One of the most famous cliches in basketball is that defense wins championships. That’s the type of statement that usually gets hacked to death by those wielding advanced-stats swords, but analysis has found time and again that the statement could be valid. With a Cleveland team dreaming of bringing a title home lacking defense but with a potentially killer offense, and a sleeping giant in the west in Dallas with what’s by far the best offense so far, this is as good a time as any to investigate this claim. If you’re an offense-first club, do you have a reasonable shot at a championship?
Calculating Title Odds
For an evaluation of how offense or defense leads to a championship more often, first we need to build some model of estimating title odds, which appears to be a Herculean task but can be done with a fairly simple model. I used the same model described here — binomial where the dependent variable is whether or not the team won a title — except that there’s no intercept and I account for the number of teams in the league.
Basically, I look at the team’s offensive rating and their defensive rating relative to the league average, and estimate odds for winning a title from those. Thus, we have the model results below for seasons 1955 (first year of the shot clock) to 2014:
Offensive rating: 0.495
Defensive rating: 0.682
(Log) number of teams: 1.72
The number being higher for the defensive rating means, yes, that defense is more important for winning a title assuming the other factors are held constant.

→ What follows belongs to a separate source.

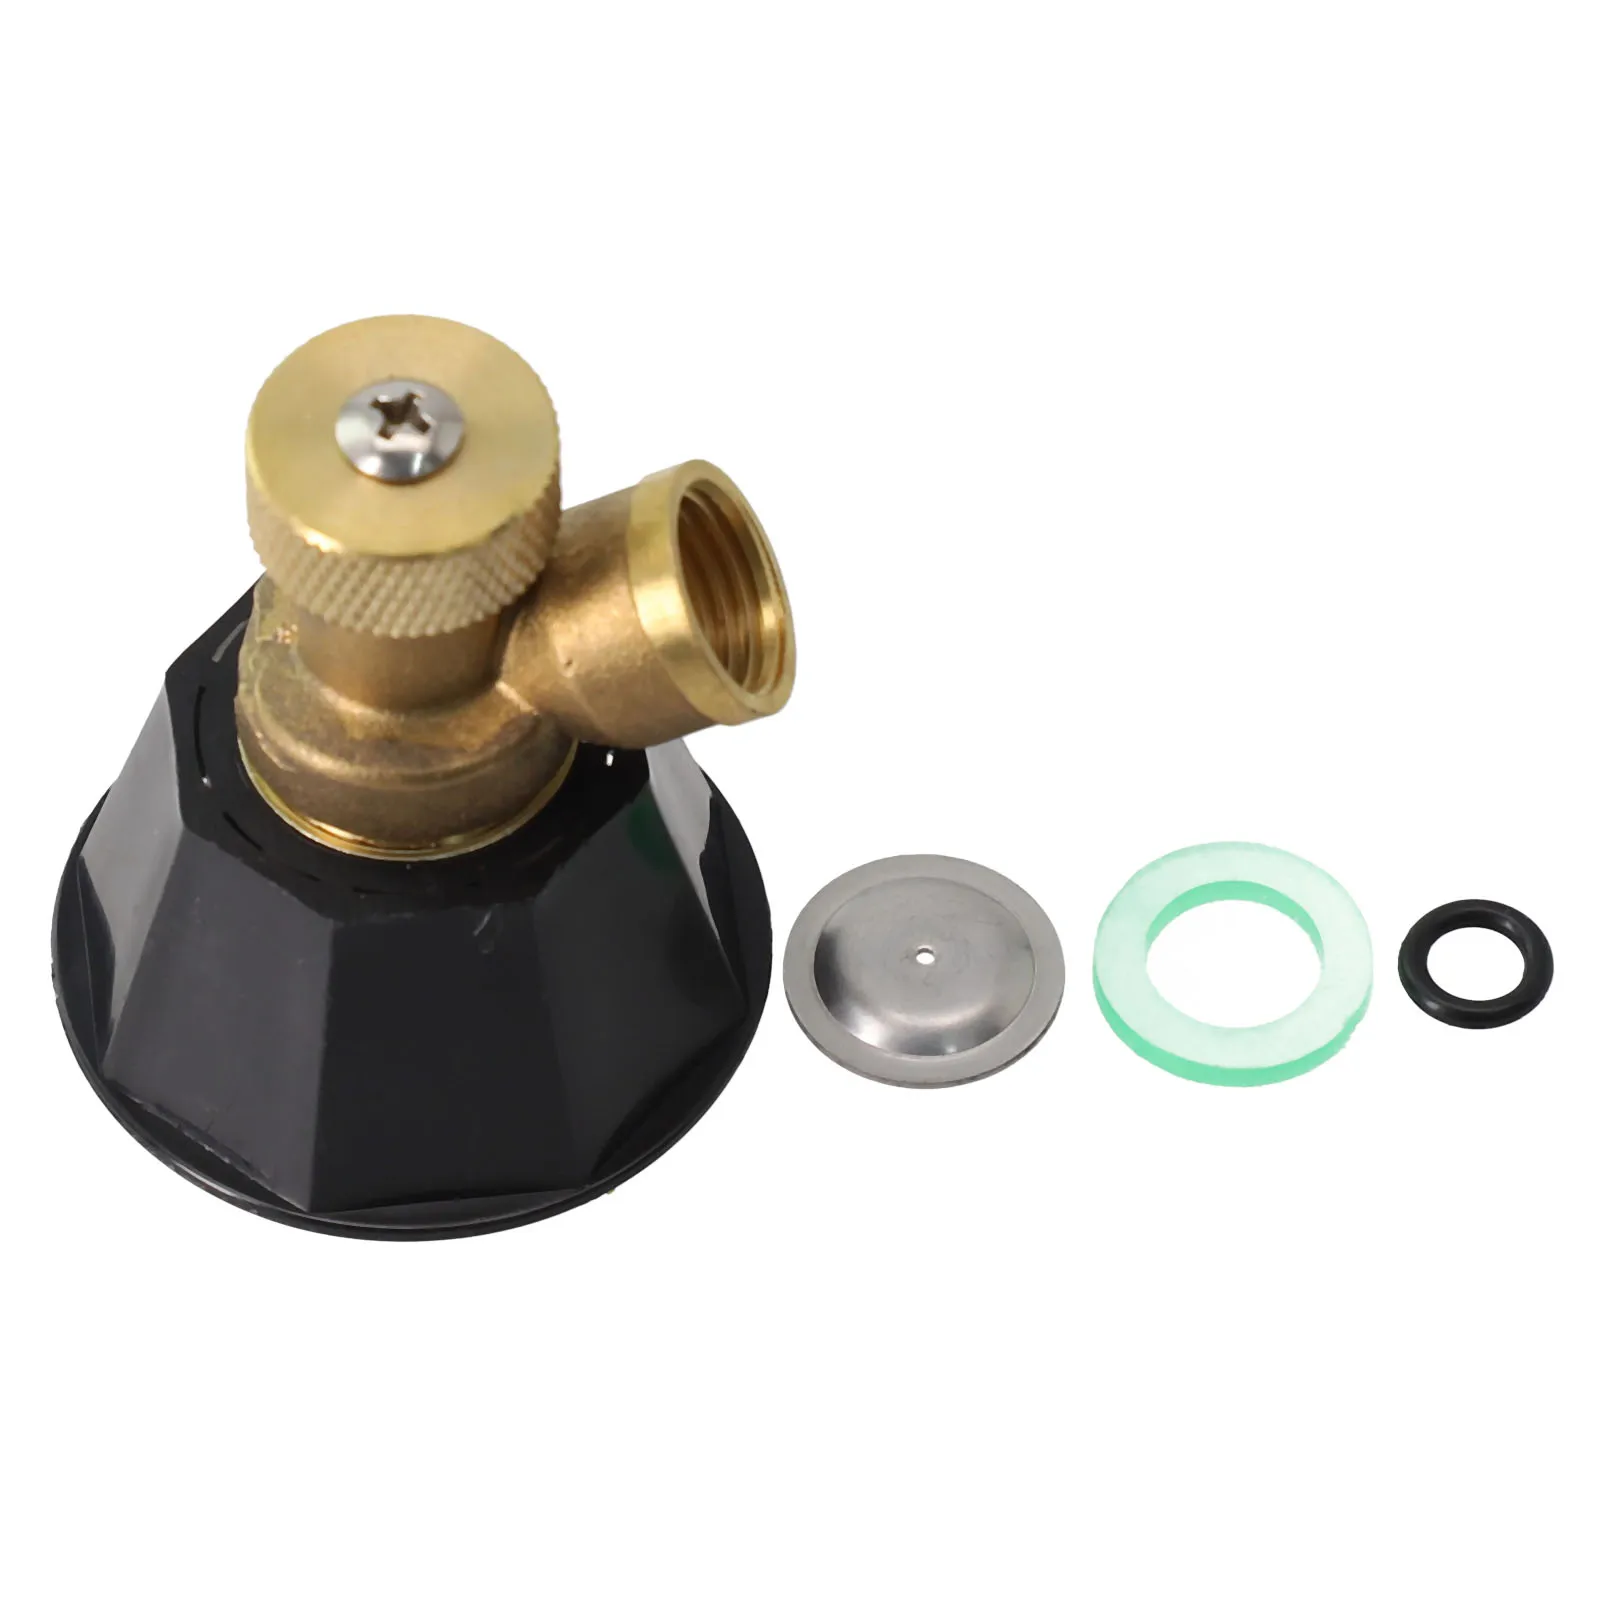 

Anti-Corrosion Spray Nozzle Cyclone Nozzle Multiple Modes Garden Copper Black Whirlwind Sprinkler Head 5.5*4.6cm Easy To Install

It’s difficult to see just how much more important it is because this is nested in a logit function so I provided the graph below.
You can always view offensive and defensive ratings at basketball-reference for an idea of what the ratings actually mean — a rating of 1, for example, is just a little above average, while a defensive or offensive rating of 8 is historic. (An example of a team with a relative defensive rating of 8 and an offensive rating of 3, by the way, is the 2008 Celtics.) The separation between the lines is showing the advantage of defense given similar strengths elsewhere. This advantage grows to about 20% at the extreme end — it’s nothing to dismiss. However, a student of the NBA’s history will know one team can single-handedly distort the numbers: the Russell-era Celtics won 11 titles in 13 years thanks to consistently elite defense, even with an offense that often rated as poor. Thus, we may need to remove them from the system to see if Russell is the outlier throwing everything off.
Offensive rating: 0.530
Defensive rating: 0.590
(Log) number of teams: 1.67
The coefficients are much closer now, but defense still has an advantage. One may want to call off the dogs here and go home, but there’s an issue with the data available that translates into uncertainty. Namely, the coefficients have high standard errors, meaning they’re within the error range of one another and they are not significantly different. This is easy to conceptualize. Let’s say we have ten seasons of data where teams in the finals are evenly matched, and seven times out of ten the better defensive team wins. Does that mean that defense is more important? Not necessarily because we didn’t account for injuries or other factors. Using only regular season ratings, we have a high uncertainty. You can also see in the graph below that the separation is much smaller compared to the first graph, but a difference of 10% or even 5% at more modest levels isn’t something to ignore.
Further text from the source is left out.